Do you mean the triadic Cantor set? It is a set of reals. This play some role
for the isolation of the measure, thanks to relation between Baire Space,
Cantor triadic set. This requires ZF + Projective Determinacy (the existence of
some winning strategy for some infinite game). It is not directly related to
computability theory, except that we get them from the union of all sigma_set
relative to all oracles. That leads to complex set theory. Here, I use only N,
never R, nor bare space.
> The result of Matiyaesivich is there is no global method for solving these or
> the Diophantine equations they correspond to. This is the approach that I
> take.
I would like to see a pair on this. Matiyasevic’s paper and books do not refer
to p-adic structure, nor to real numbers. There is no Church’s thesis for the
notion of computability with real number. Constructive reals can be represented
by total computable functions (with a computable modulus so that + and * remain
computable).
> With the Mandelbrot set the "black bit" has periodic orbits or maps which
> correspond to periods of Julius sets. The points outside are chaotic and are
> in a sense "beyond chaos" and are not computable.
That is proved with the notion of computability on a ring, but like you, I
prefer to not use such notion. I see some application in theoretical numerical
analysis, but not much for computability theory in general. Then the measure
problem is enforce to use all set of (usual) real numbers, except that we can
make the closed set “perfect”, which helps to neglect the infinite countable
set of “isolated points”, but I am not there already.
>
>
>> I prefer a more standard definition of incomputability than what P&H appeal
>> to. This works invariant set theory does imply a violation of statistical
>> independence, but it does so as a hidden variable.
>>
>> The complement of a fractal set is undecidable.
>
> The complement of some fractal set have been shown undecidable in a theory of
> computability on a ring. This has been shown by Blum, Smale and Shub, if I
> remember well.
>
>
>
> The incomputability if with the fractal set itself. The incomputability
> occurs because with a finite cut off you have uncertainty whether points or
> regions are in or outside the Mandelbrot set. In this somewhat different
> meaning the Mandelbrot set is considered incomputable by Blum, Smale and Shub,
But only that meaning makes sense to me, and is of no use with respect to the
problem I am working on. I have only numbers (natural numbers!), and a real
number is (coddle by) any subset of N.
>
>
>> A fractal set is recursively enumerable, which means we can compute it in a
>> finite automata up to some point, and “in principle” a Turing machine that
>> runs eternally could compute the whole thing.
>
> Yes, but it uses only the potential infinite. We get all element in the
> enumeration after a finite time (except that here we use computability on a
> ring, which is not so easy to compare with Turing computability).
>
>
>
>
>
>> The complement of this is not computable. The complement of a recursive set
>> is recursive, but the complement of a recursively enumerable set is not
>> recursively enumerable and is incomputable.
>
> You mean “ … is not necessarily recursively enumerable”. Of course a
> complement of a recursively enumerable set can be recursively enumerable.
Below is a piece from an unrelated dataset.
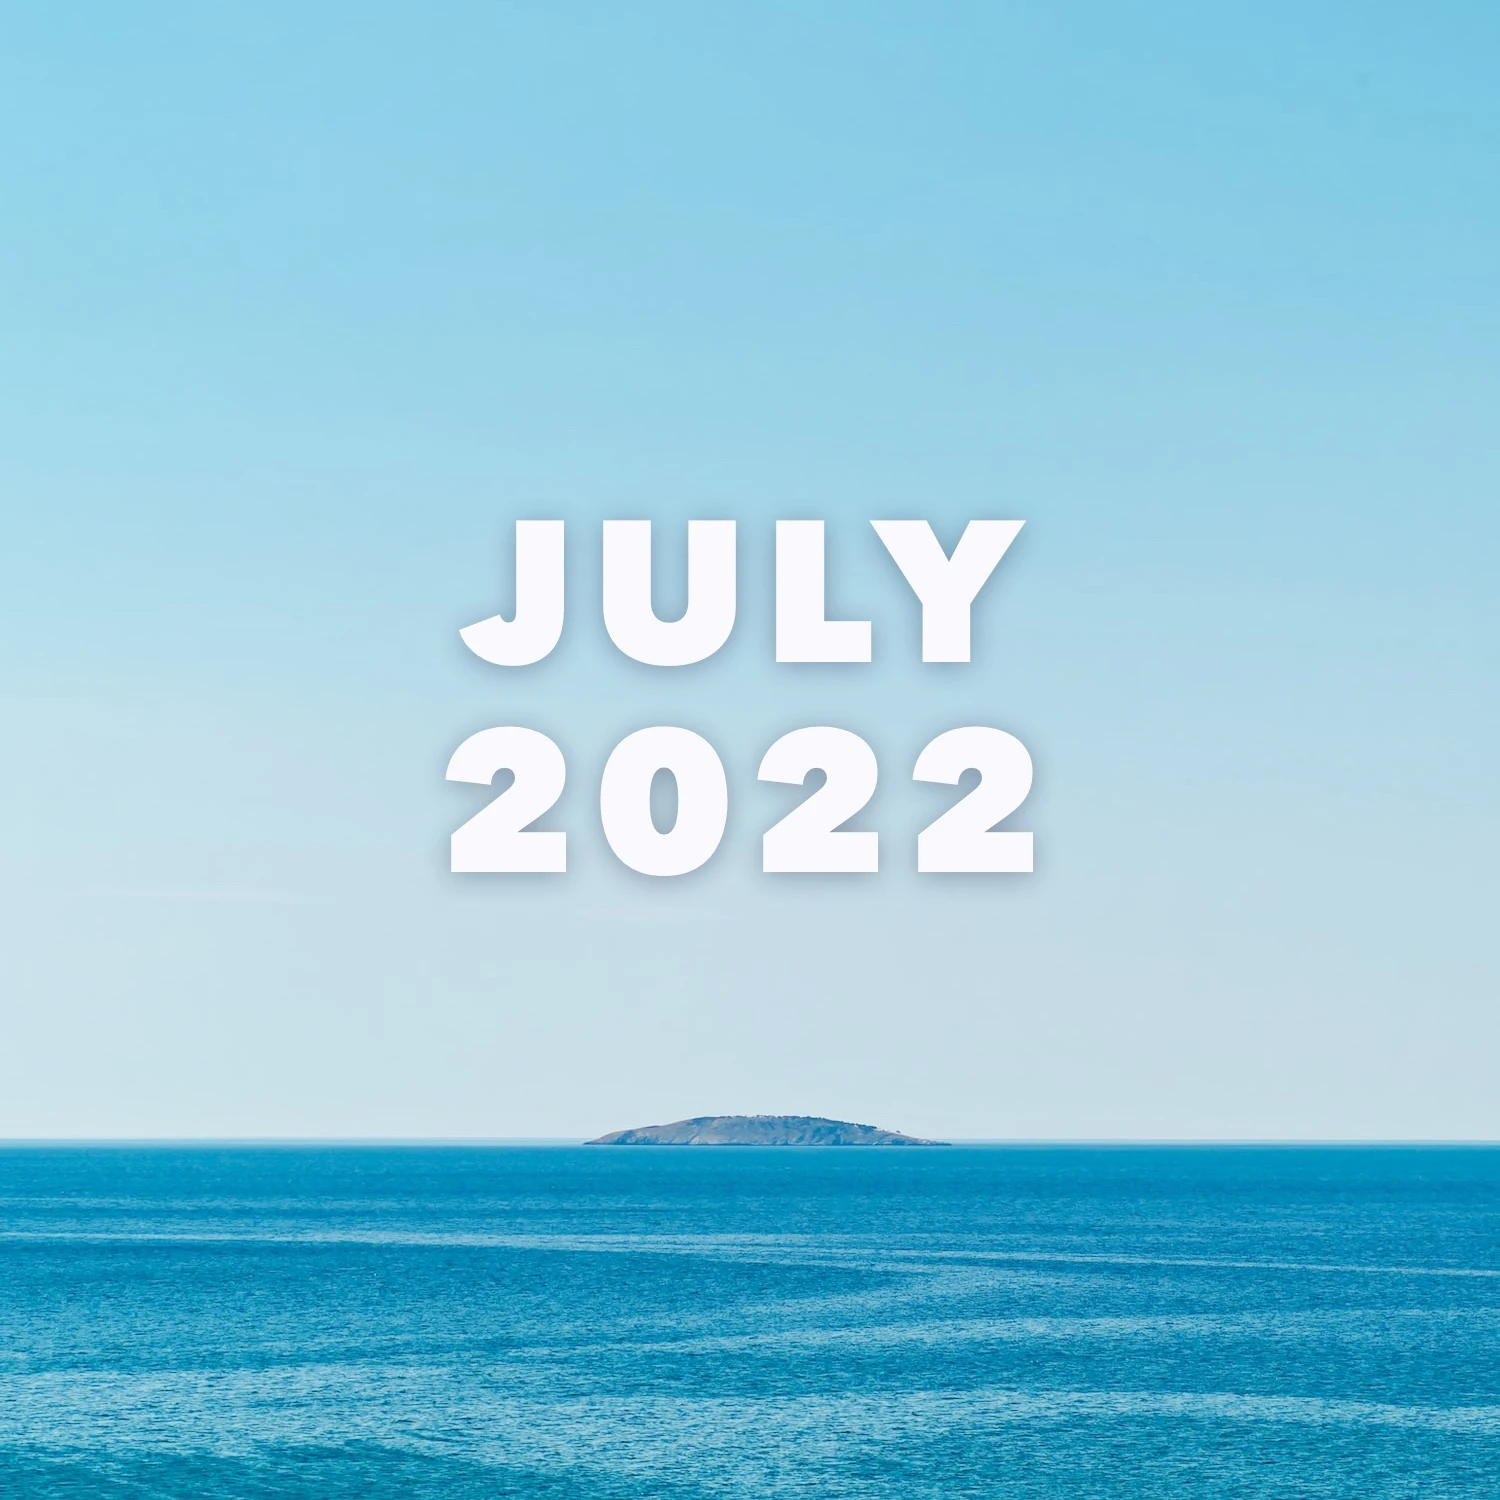 July 2022 text over ocean view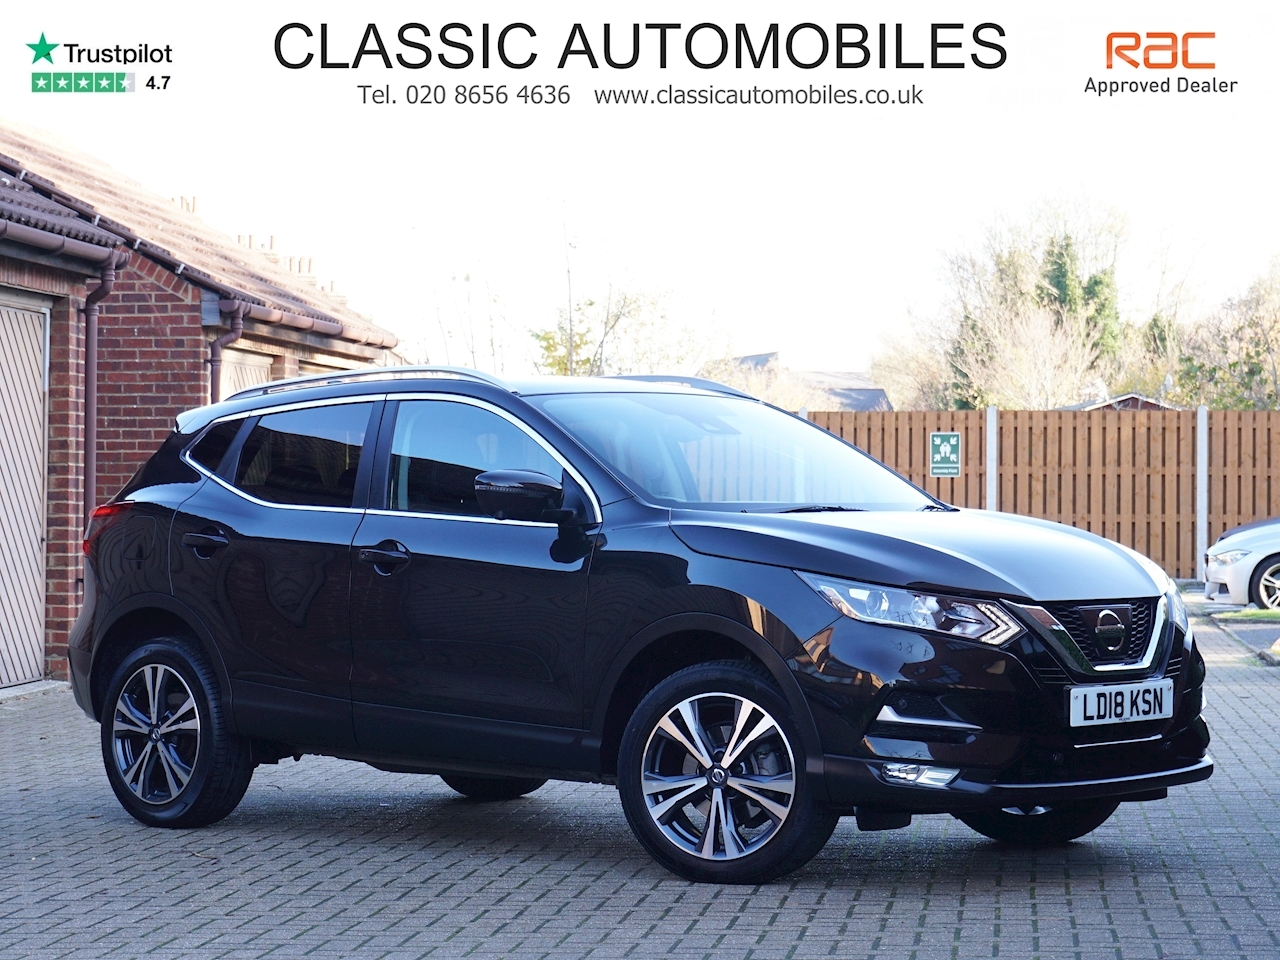 Qashqai 1.5 dCi N-Connecta SUV 5dr Diesel Manual (s/s) (110 ps)

> That is always the case with recursive set.
>
>
> Yes, if the RE set is recursive.
OK.
>
>
>
>> The invariant set in this superdeterminism is a form of Cantor set or
>> related to a fractal. The results of Matiyasevich showed that p-adic sets
>> have no global solution method, where p-adic sets are equivalent to
>> Diophantine equations.
>
>
> I would be interested in a precise statement of this, and some link to a
> proof. What has a p-adic set? Set of what?
>
> Cantor sets are related to self-reference in many ways. For example through
> the topological semantic of G and S4Grz, but also through the “fuzzification”
> of Gödel or Löb theorem, like in a paper by Grim.
>
>
>
> A p-adic set is a quotient ring with the Z_p for p a prime. The Chinese
> remainder theorem guarantees that all quotient rings are equivalent to the
> product of quotient rings with primes that are the prime decomposition of the
> quotient ring. In other words for the quotient group ℤ_n = ℤ_{p1}×ℤ_{p2}× …
> ×ℤ_{p} for n = {p1}×{p2}× … ×{p} the prime factorization. There is a lot
> there and quotient rings define an elementary aspect of cohomology that leads
> to p-adic topology and with complex rings algebraic geometry.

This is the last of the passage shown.